Exercise data below:

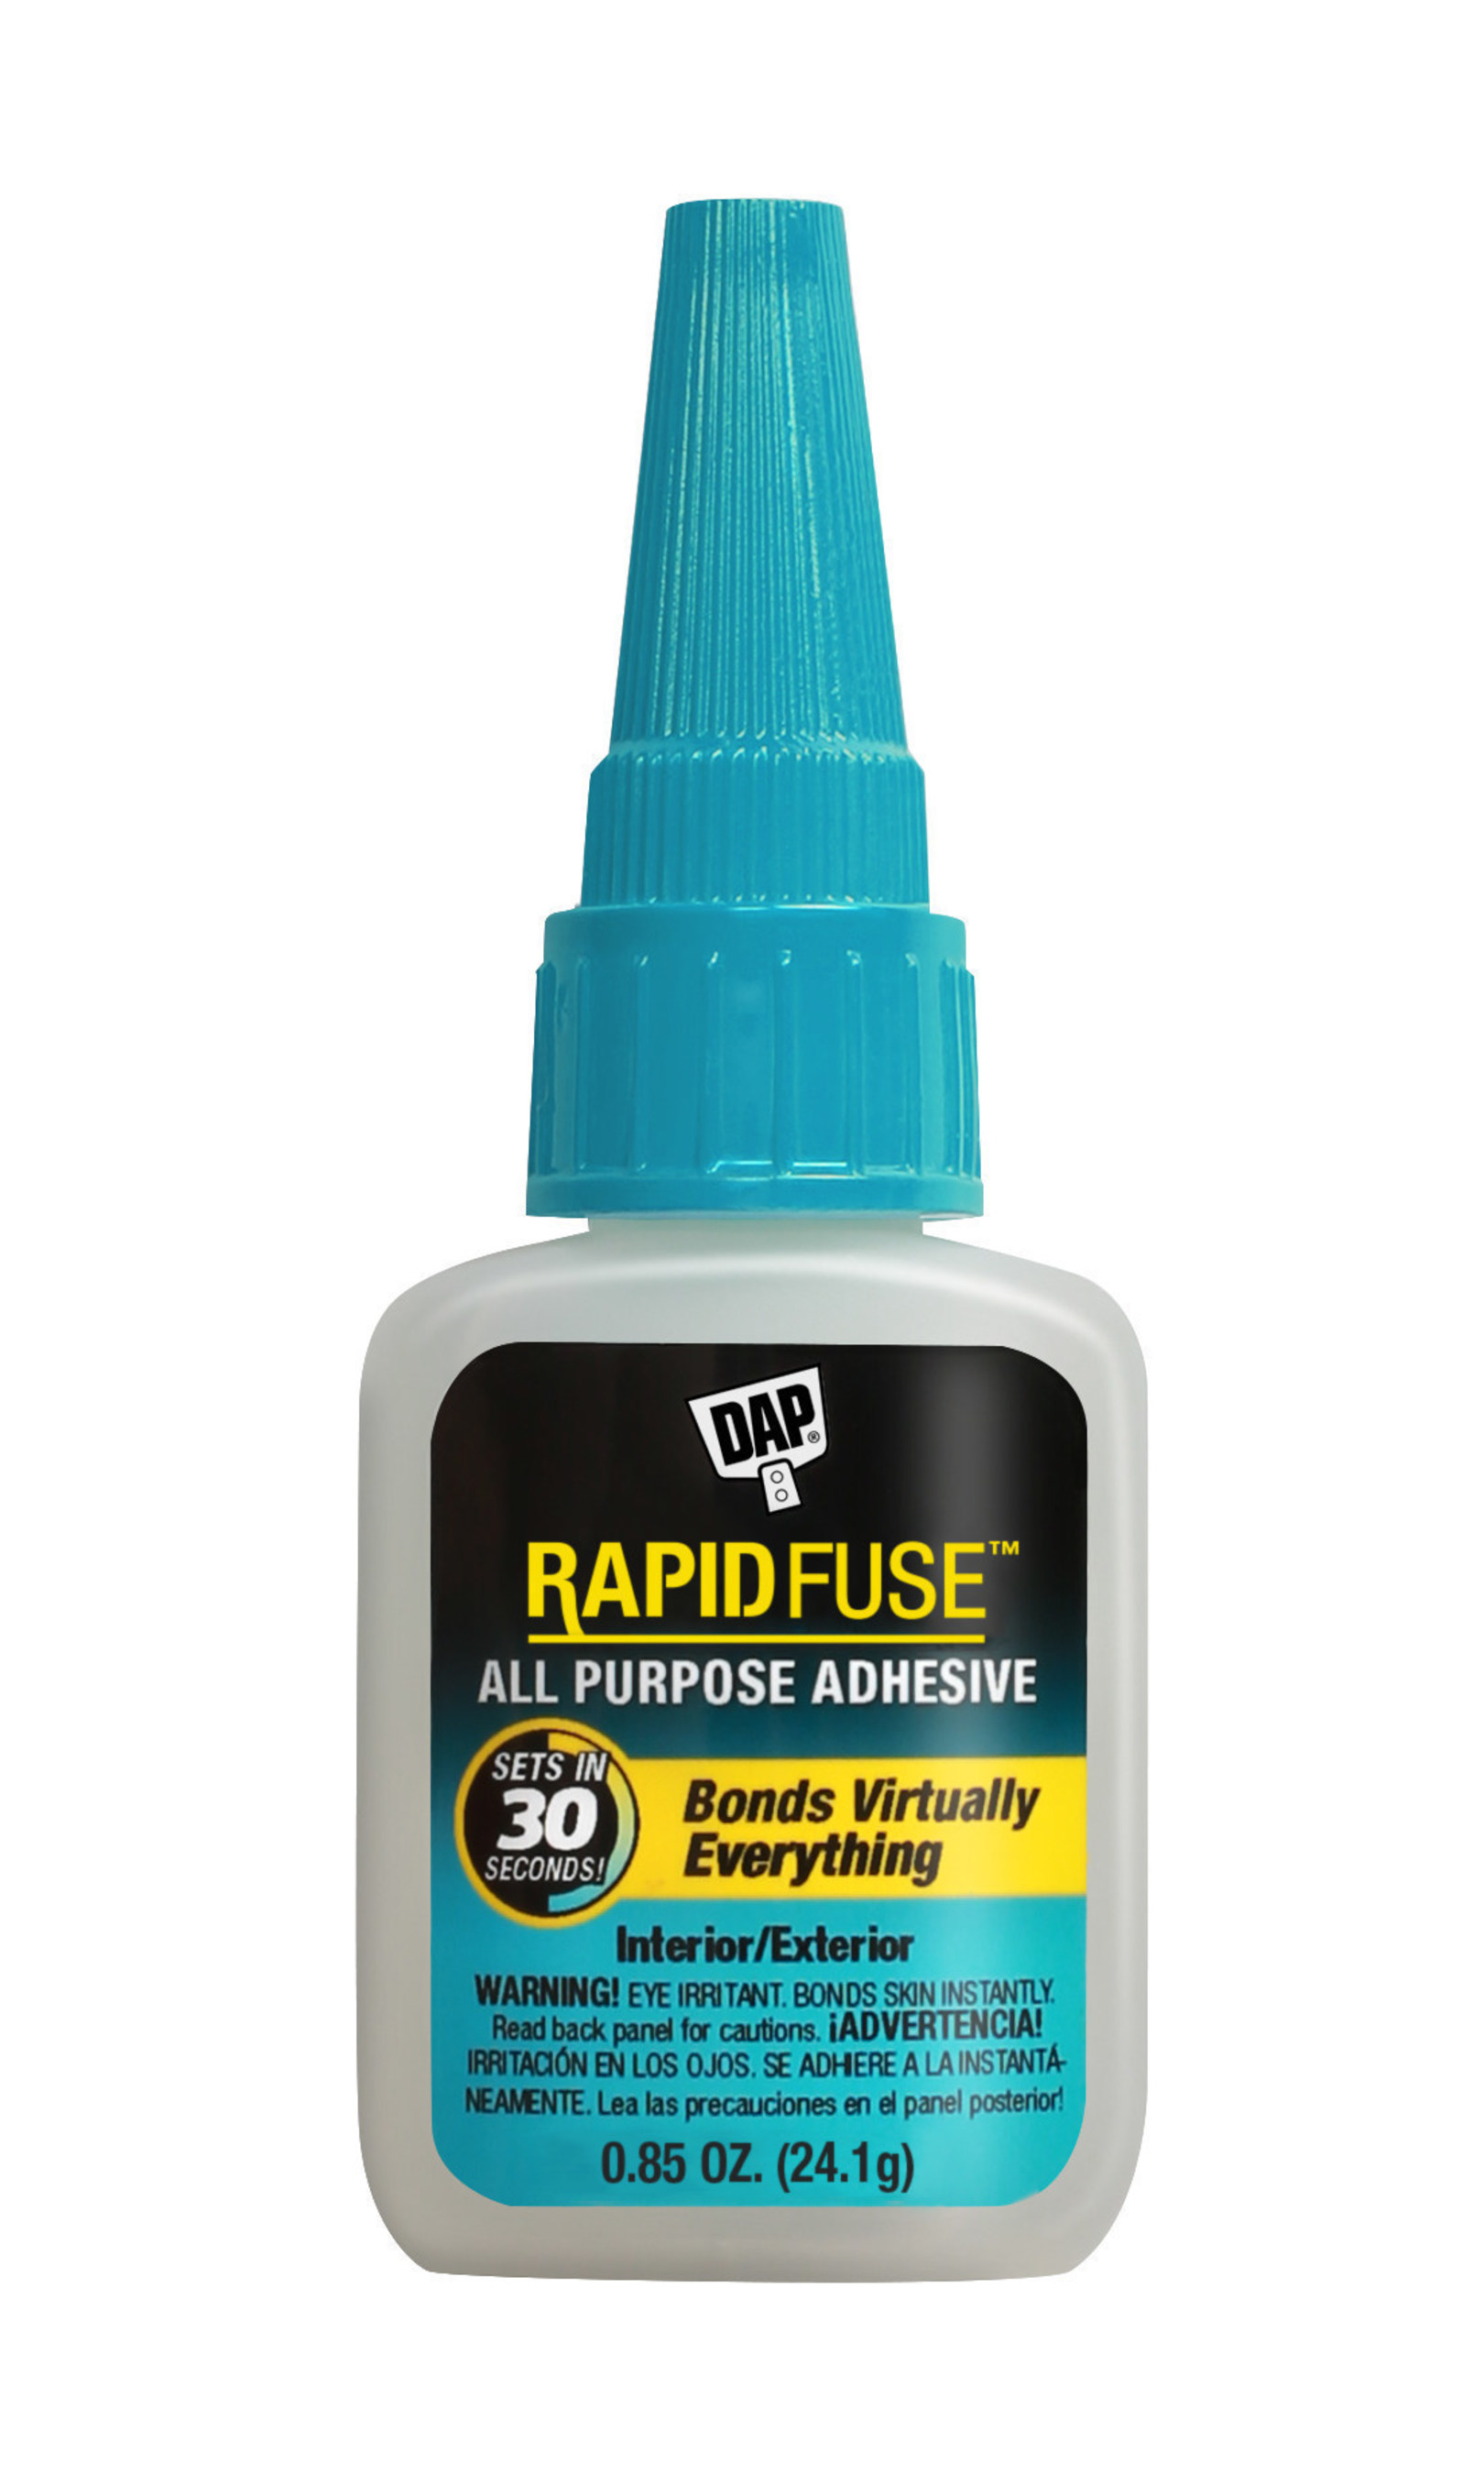 DAP RapidFuse All Purpose Adhesive bonds virtually everything to anything and offers the best end result on home repairs and DIY projects alike.
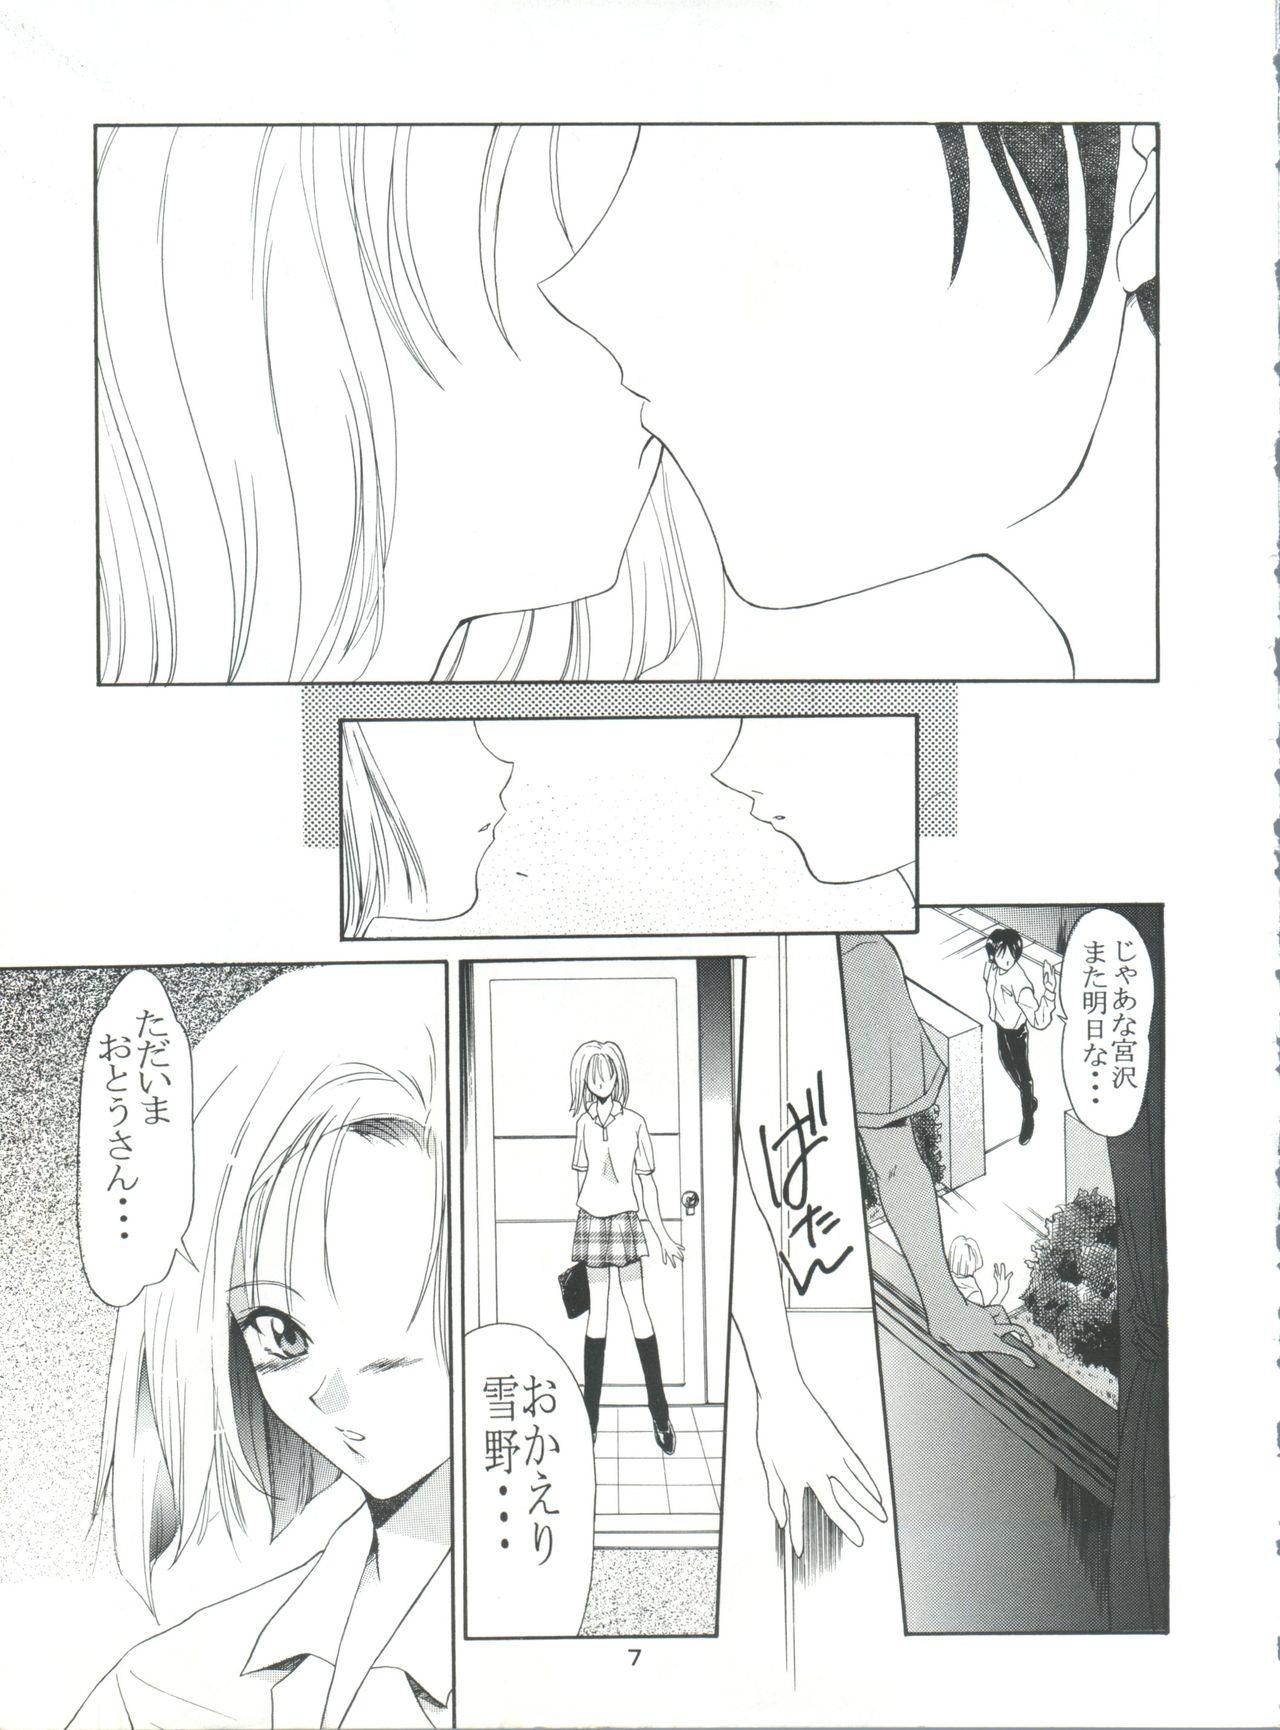 Vibrator Boys and Girls - White album Kare kano Missionary - Page 7
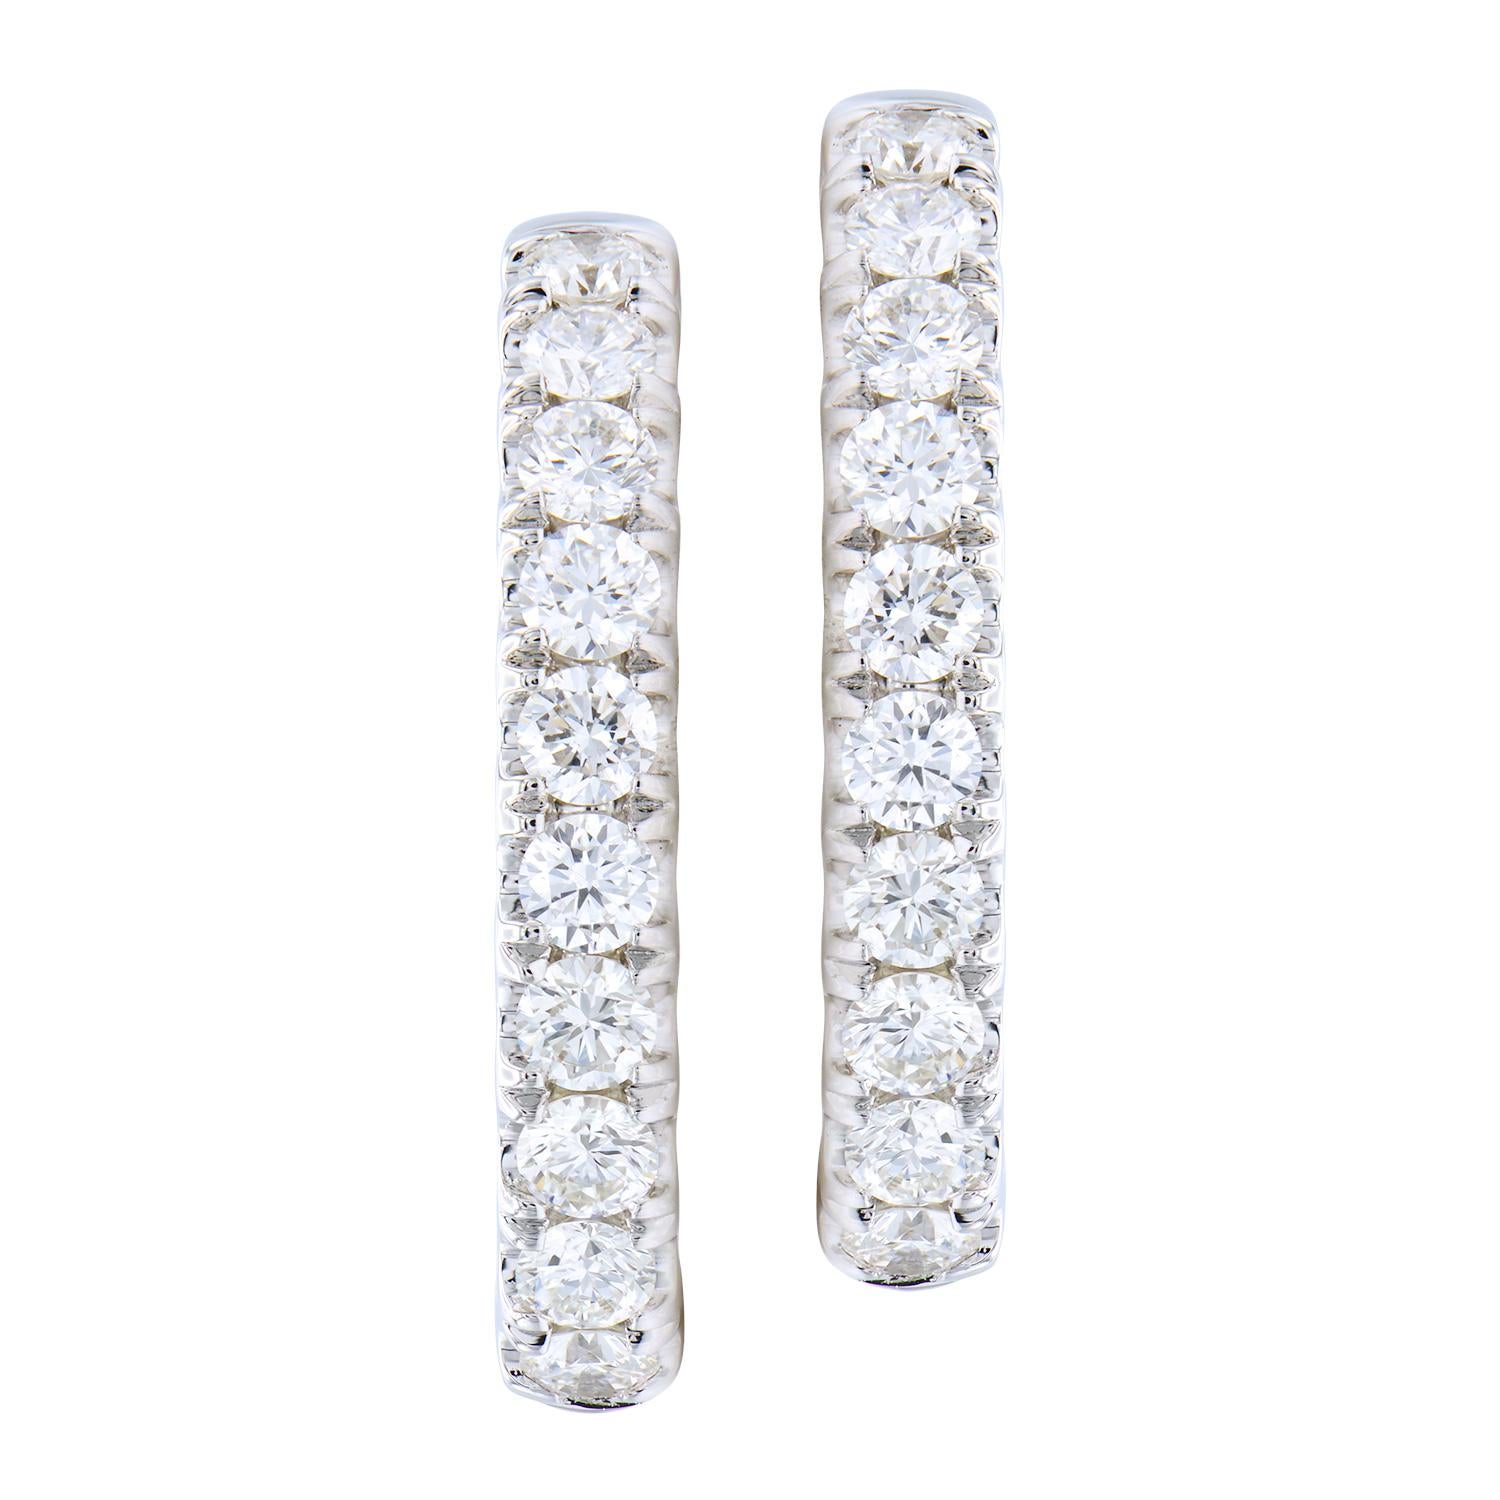 These stunning hoop earrings have diamonds on the inside and outside to give a beautiful sparkle from every angle. There are 32 round VS2, G color diamonds totaling 1.37 carats. 10 diamonds are on the front outside of the hoop and 6 on the inside of

End of Exercise data.

Only the lines from the one containing "Vibrator Boys and" through the final line of the data should be given again, exactly and without pictures.

 Vibrator Boys and Girls - White album Kare kano Missionary - Page 7
 These stunning hoop earrings have diamonds on the inside and outside to give a beautiful sparkle from every angle. There are 32 round VS2, G color diamonds totaling 1.37 carats. 10 diamonds are on the front outside of the hoop and 6 on the inside of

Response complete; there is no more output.